First, before making your decision to pursue an MBA, be honest with yourself about why this degree is important to you. There is no wrong reason (and the MBA is not for everyone), but it is crucial that you are clear on why you want an MBA and why this is the appropriate time for you.  You should start by identifying what your goals are after school (both short and long-term…your applications will ask you, so it’s a good idea to start thinking about it).  Understanding this will inherently guide you to which format is best for you, whether it be a full-time, part-time, or EMBA program and will probably also help to isolate geographically where would be best for you.  Using online tools (school websites, blogs, etc.) and talking with current students you may know will provide greater insight into which programs are a good fit for you.

Second, depending on your circumstances, I suggest discussing your options with your boss, your mentor, and potentially, some close co-workers. If you are hoping to return to the industry you currently work in, it is important to understand your options and talk to people who have had similar experiences who can help you realize how an MBA is important to achieving your goals. I spoke to people at my former company who had done full-time, part-time, or EMBA programs, as well as several people who had reached my career goals without an MBA. This gave me a clear picture on what value an MBA would add to my experience within this industry.

Finally, it is important that you are applying to schools that are the right fit for your goals. I did not attend any fairs or forums, and in retrospect, I definitely should have. I would urge you all to go to at least one to speak to admissions teams and current students to get a real feel for each school you are interested in.  In fact, the Olin Preview Weekend is coming up in October and I would highly recommend coming to visit!

Good Luck!
Leigh Hunt, Fort
é Fellow
MBA 2014, Olin Business School at Washington University

Monday, August 27, 2012

Tackling Recommendation Letters

The thought of recommendation letters brings fear to many MBA hopefuls.  You mean, there is a part of the application you can’t completely control!?  Well, yes.  But drifting to the opposite end of the spectrum and being completely hands-off could be a fatal error.  Here are three tips to help make your recommendation letters a harmonious asset to your application.  

1)  Share Your Goals

Share with your recommender your short and long term goals, as well as reasons that business school is the next best step for you.  To get more specific, detail how your work with them fits into or reflects your goals. This helps your recommender to see your “full story” and to better express their experiences with you in light of that story.  Additionally, give them specifics about the school they are writing to and how that school’s qualities fit with your goals.  The more you clue them into this information (which you should have already researched anyway) the more their recommendations will flow with your essays and application as a whole.

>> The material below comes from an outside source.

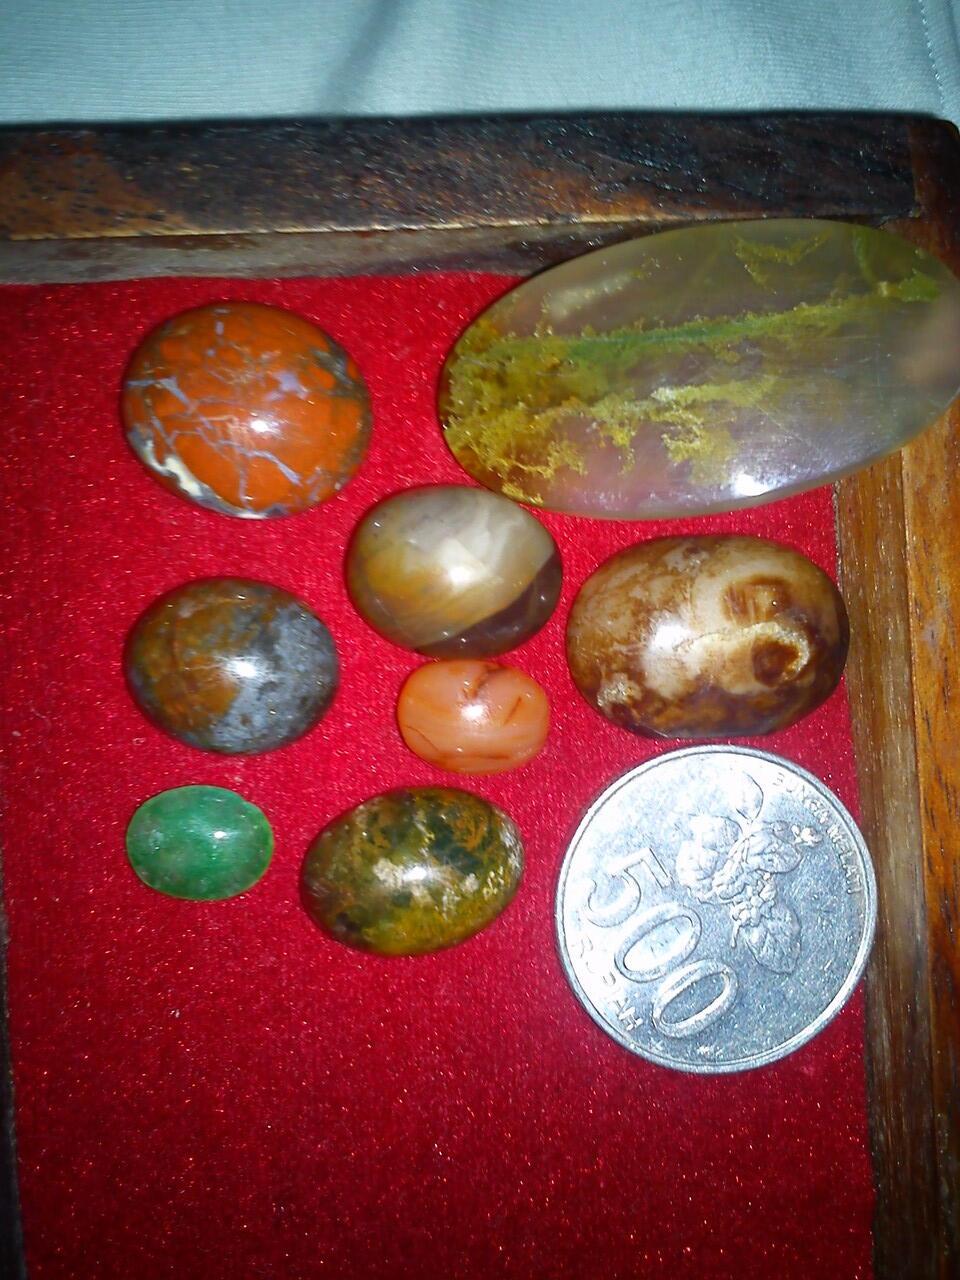 lelang batu akik koleksi pribadi,cekidot!!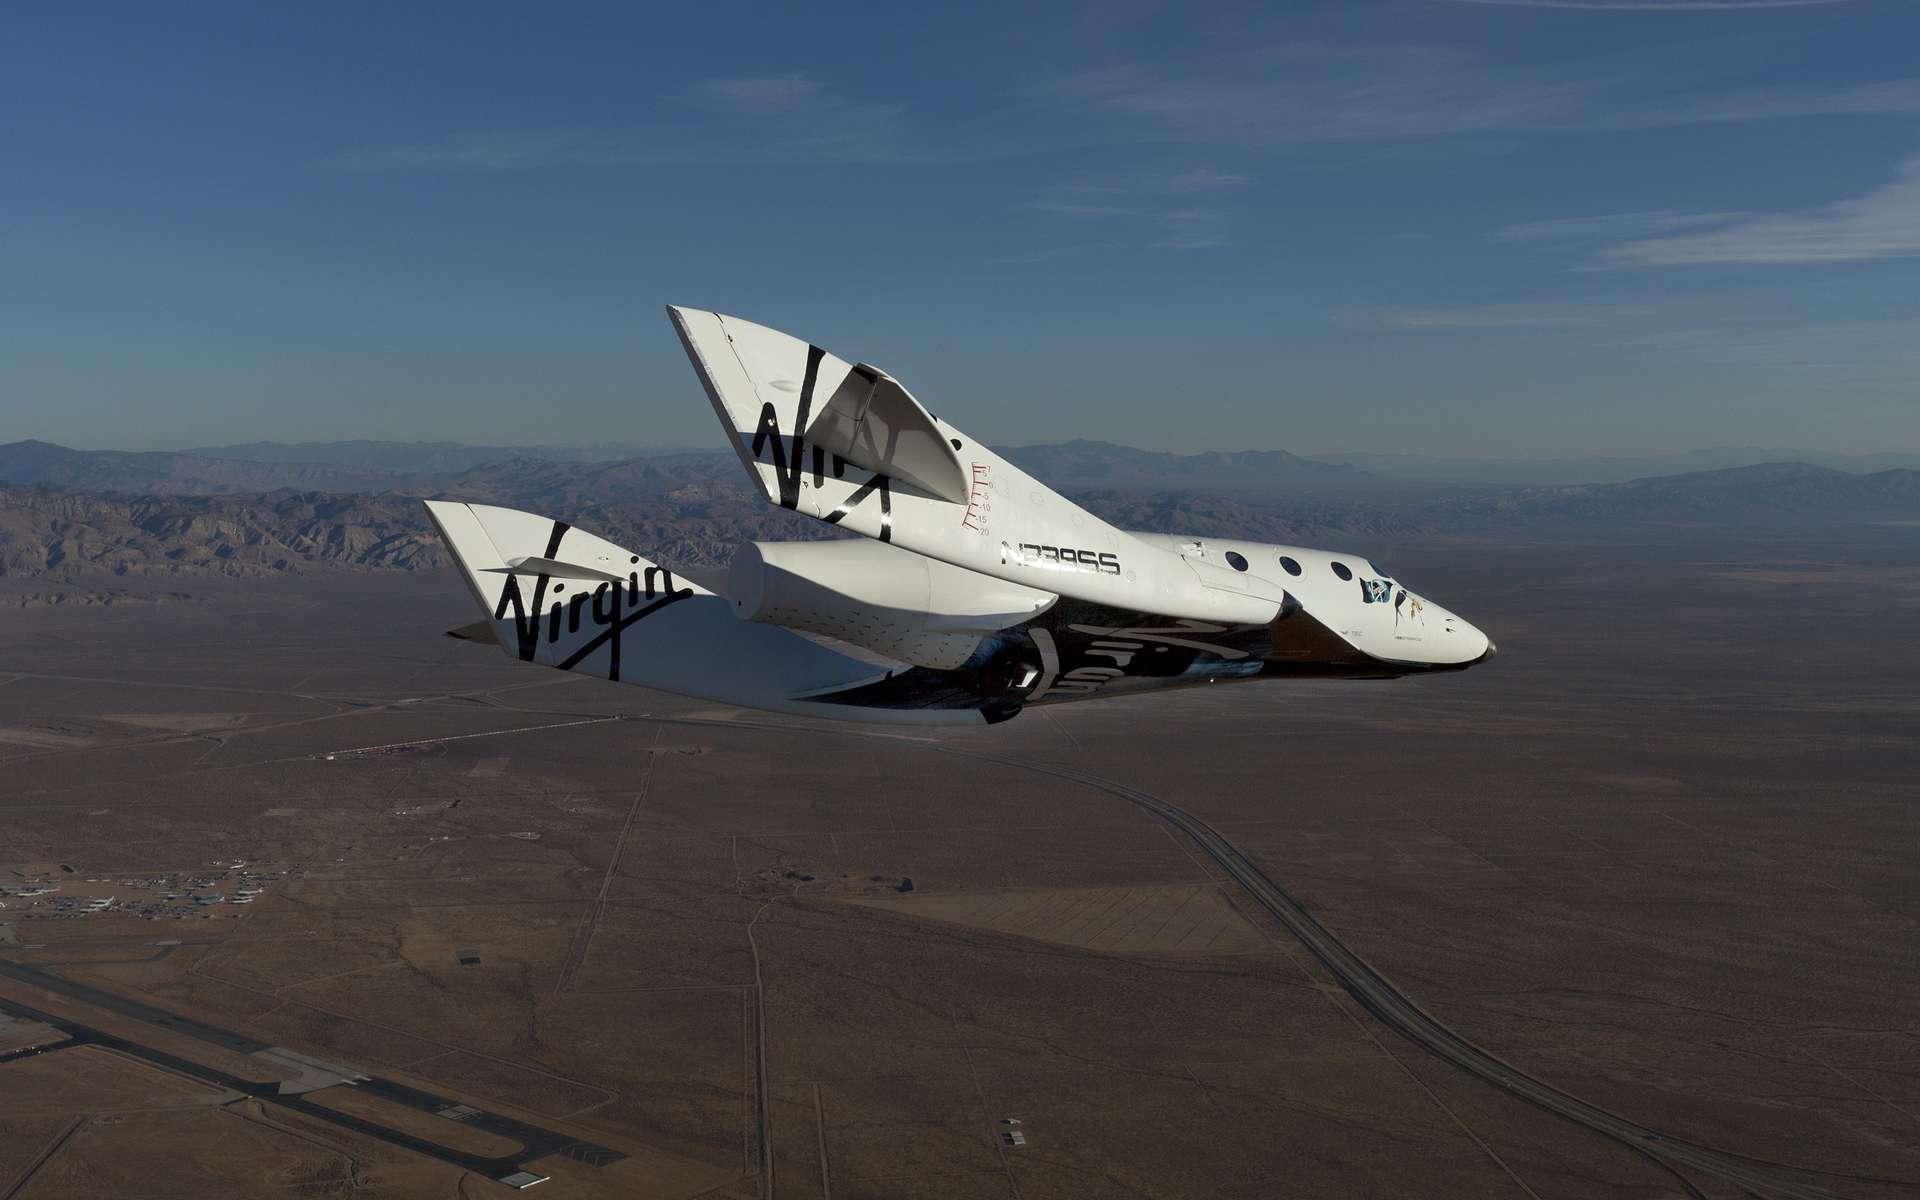 Le SpaceShipTwo lors de l'un de ses premiers vols alors qu'il n'était pas encore équipé de son moteur. Largué de l'avion porteur WhiteKnightTwo, il regagnait la piste de Virgin Galactic en vol plané. Les essais pour mettre au point ce concept original sont nécessairement longs. © Virgin Galactic

2) Set Them Up For Success

Try to meet each recommender for lunch, coffee or at least a short meeting.  I supplied each with a small packet of information and later sent them digital copies of everything in that folder. Packets might include:

- Written outline of why you are targeting the school for which they are recommending you.  (See point #1)

- Bullet points of your "Top 10 Work Highlights" for inspiration of examples to flesh out the recommendation.

- General examples of recommendation letters (There are great examples in Richard Montauk’s book How To Get Into The Top MBA Programs).

- Reminders of deadlines and any website details needed.

 3) Give Thanks

You’ll find plenty of differing opinions about recommender thank you notes.  In my book, it’s always better to be thoughtful and appreciative.  After all, your recommenders took time out of their busy schedules to focus on your MBA goals.  Whether it is a handwritten note of gratitude or a small gift, I say yes to thank yous.  Wait until after your recommendation letters are completed, though.  I dropped a bottle of wine and a thank you note off at each of my recommenders’ desks about a week after they turned in my recommendation.  And be sure to keep in touch with them on your application status and decisions. 

Best of luck!
Tricia Felice, Forté Fellow
MBA 2014, The University of Chicago Booth School of Business

Friday, August 24, 2012

Advice on Preparing for the GMAT

With the MBA application season closing in, many applicants are preparing to sit for their GMAT soon. The pressure to obtain a high score for entering a top notch B school is evident. The last thing you want is to reason why your palms are all sweaty and your mind is in a daze.

How can you be better prepared for GMAT? Here are some tips that helped me beat the GMAT.

1. WHEN?
- Even before you start studying for your GMAT, book your test date! Once you have a date in mind, you will automatically roll your sleeves up, plan better, and work for it.

2. HOW?
- First and foremost, you have got to set the bar and think of the score you would like to get. Get hold of all the books and study material that would help you achieve your dream score, and eventually your dream school. Also, join online forums like GMAT Club and Beat the GMAT. Here, you will be able to find decent practice questions, test strategy, and GMAT updates by fellow test takers.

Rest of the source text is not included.